2. Materials and Methods

2.1. Study Design and Participants

We conducted a longitudinal prospective study constituting healthcare professionals from AHRI, who were also one of the priority target recipients of the ChAdOx1 nCoV-19 vaccine. Vaccination was offered through the Ethiopian Ministry of Health’s national COVID-19 vaccination campaign. In this analysis, only participants who were vaccinated with the ChAdOx1 nCoV-19 vaccine were included. About 5 mL of venous blood was collected from a total of 63 (n = 27 female and n = 36 male) participants, aged 24–59 years (mean of 38.1 ± standard deviation of 8.36) before vaccination and in two subsequent post-vaccination follow-ups (Figure 1) to monitor humoral responses to the vaccine. The first (hereafter designated as 1d + 8–12w) was conducted at 8–12-weeks after the first dose, whereas the second follow-up (designated hereafter as 2d + 8–12w) was done 8–12 weeks after the second dose (Figure 1). All participants received their first dose between 23 March 2021 and 31 March 2021. The interval between the first and the second doses was 12 weeks (range 83–97 days).
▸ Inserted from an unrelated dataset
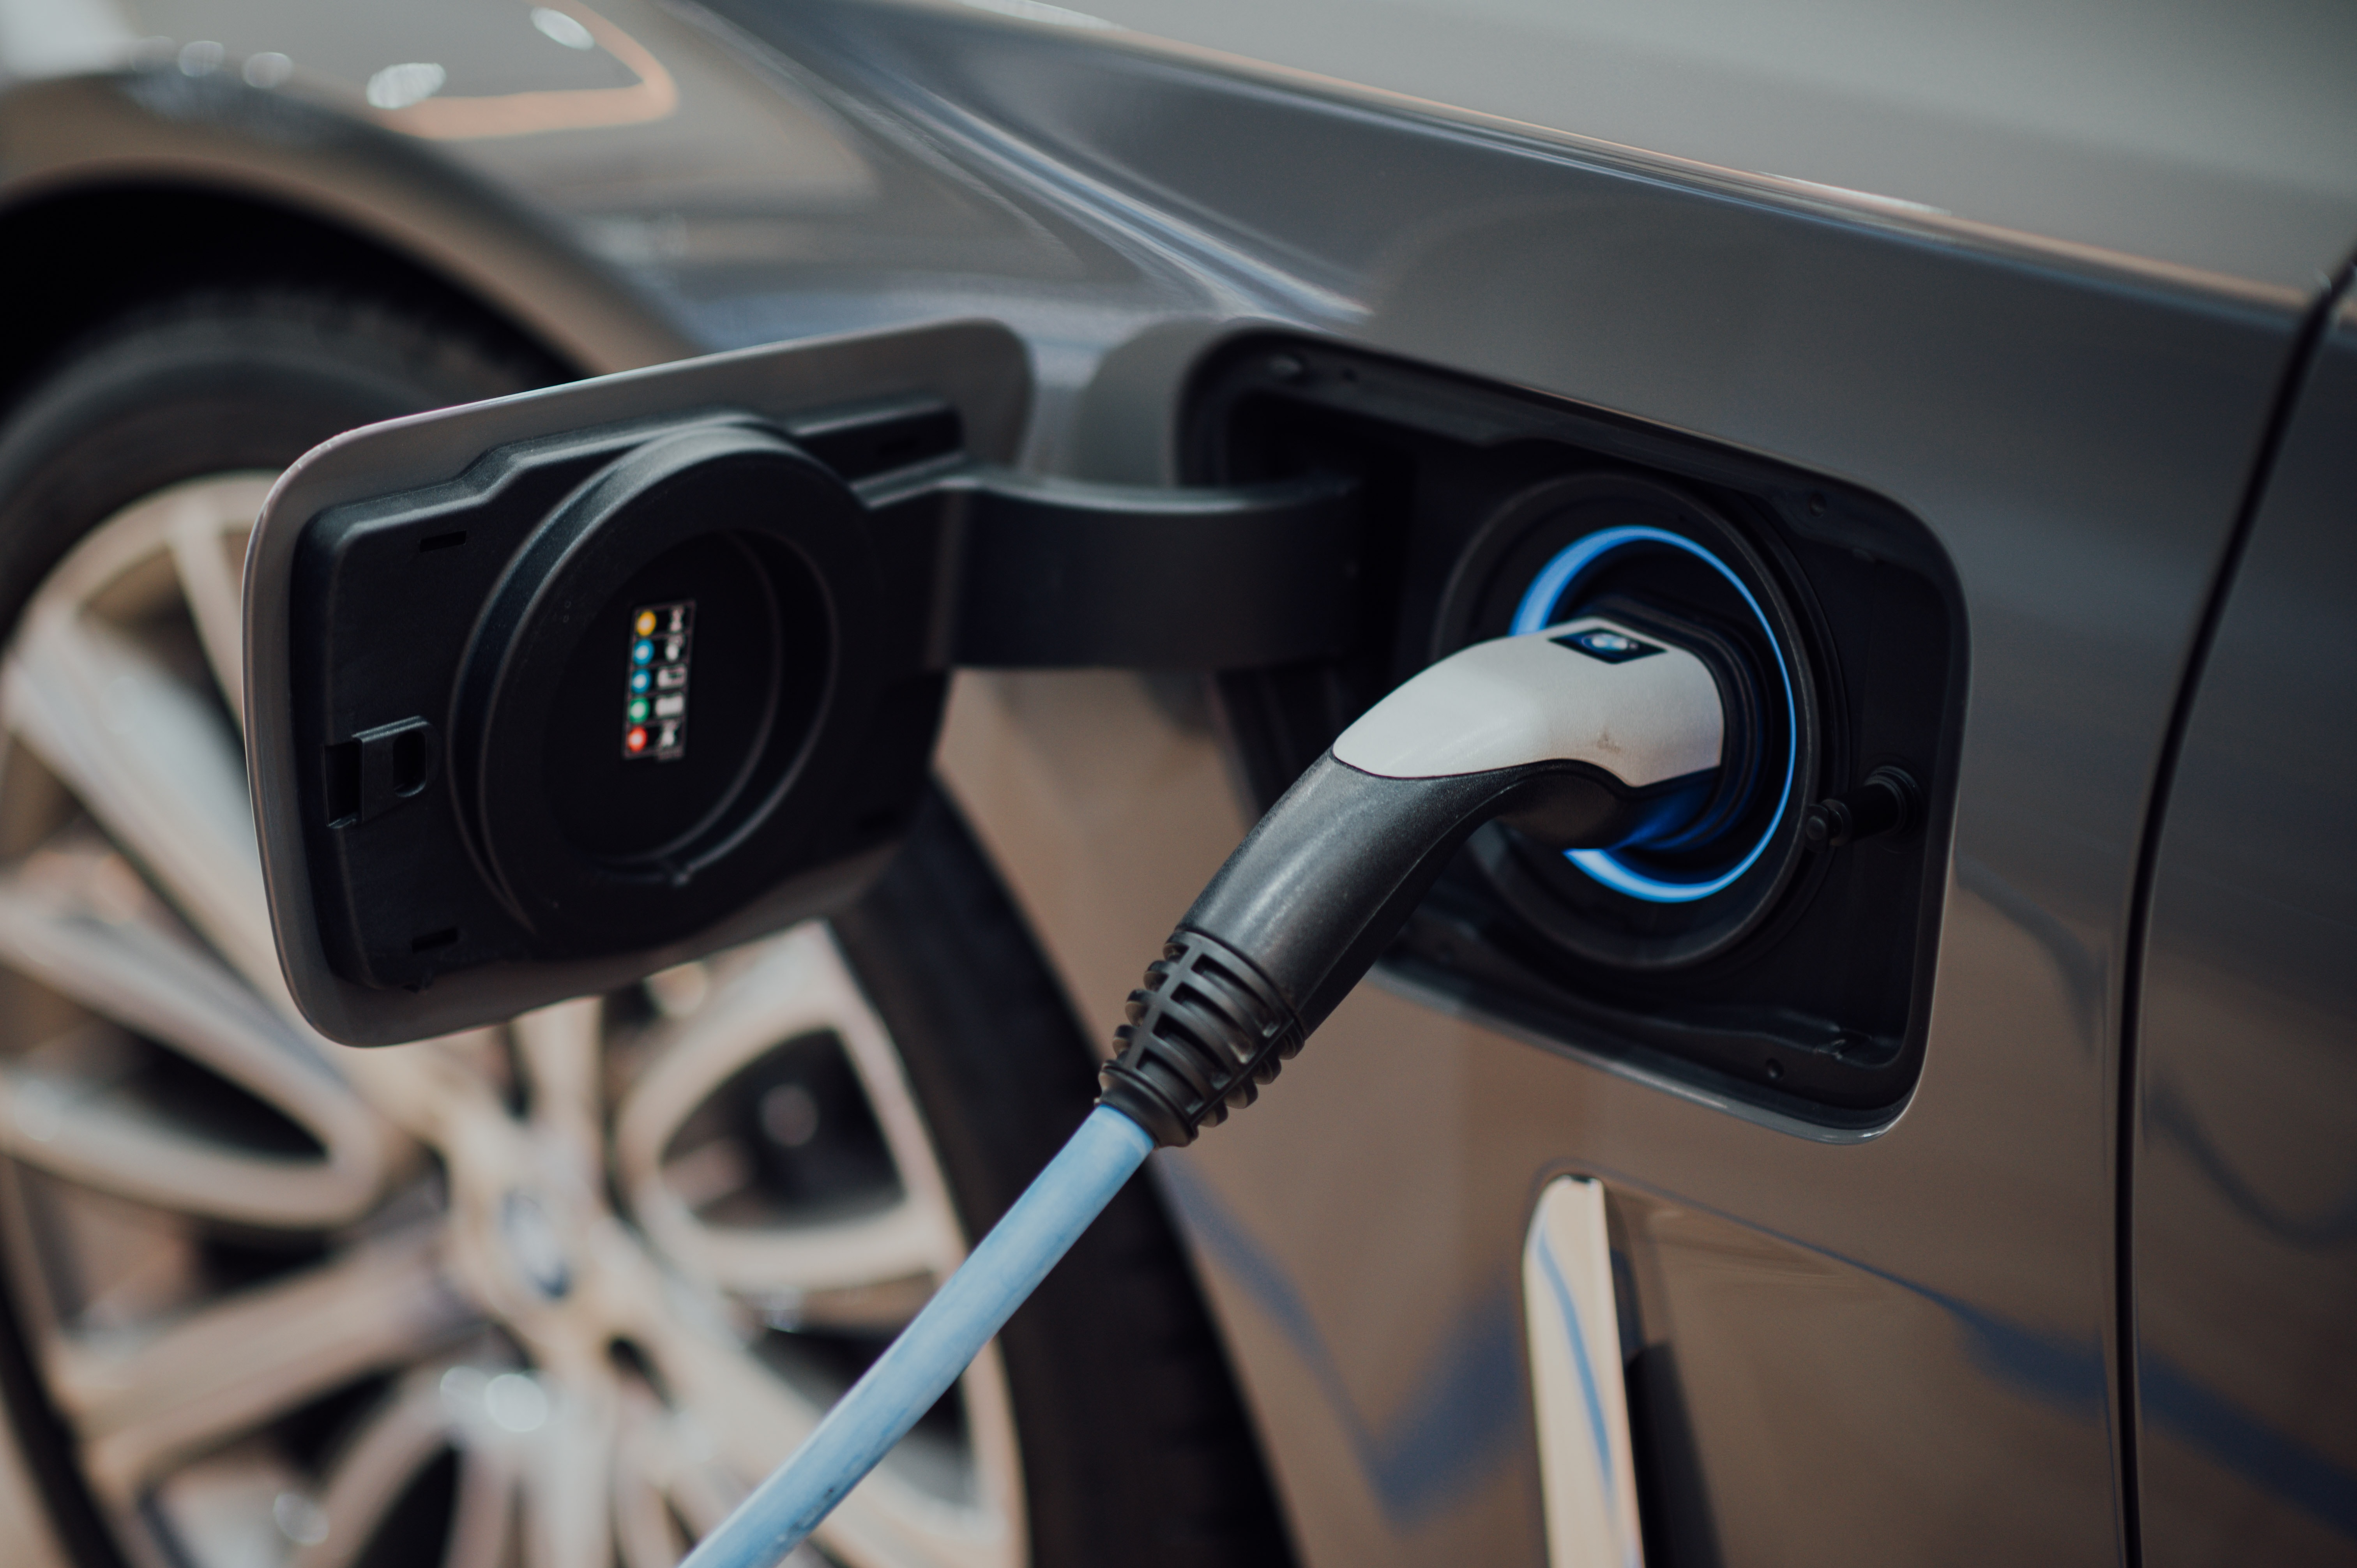 How To Unplug Electric Car Charger

Participants were then stratified into two groups based on previous exposure to SARS-CoV-2 before vaccination and hereafter denoted as naïve and P.I. (Figure 1). The two groups, naïve (n = 39) and P.I. (n = 24), contained similar distributions of age and sex (Figure 1 and Table 1). Table 1 summarizes the demographics of each group of study participants. In addition, participants completed a questionnaire at each visit regarding their history of RT-PCR confirmed SARS-CoV-2 infection.

Figure 1

Cohort study design showing the ChAdOx1 nCoV-19 vaccine vaccination regimes and serum sample collection time points: (A) Study design with a timeline for vaccination and blood sample collection. (B) Schematic representation of the number of participants enrolled at prevaccination and two post-vaccination time points. The first dose and second dose were given to participants prior to the two-time points for blood sample collection. Light red characters (Naïve) represent participants immunologically naïve to SARS-CoV-2 and blue characters (P.I.) represent participants with likely previous SARS-CoV-2 infection. Pre Vacc = baseline or prevaccination; 1d + 8–12w= 8–12 weeks after the first dose; 2d + 8–12w = 8–12 weeks after the second dose.

Table 1

Baseline characteristics and serostatus of study participants (n = 63) and longitudinal humoral immune response.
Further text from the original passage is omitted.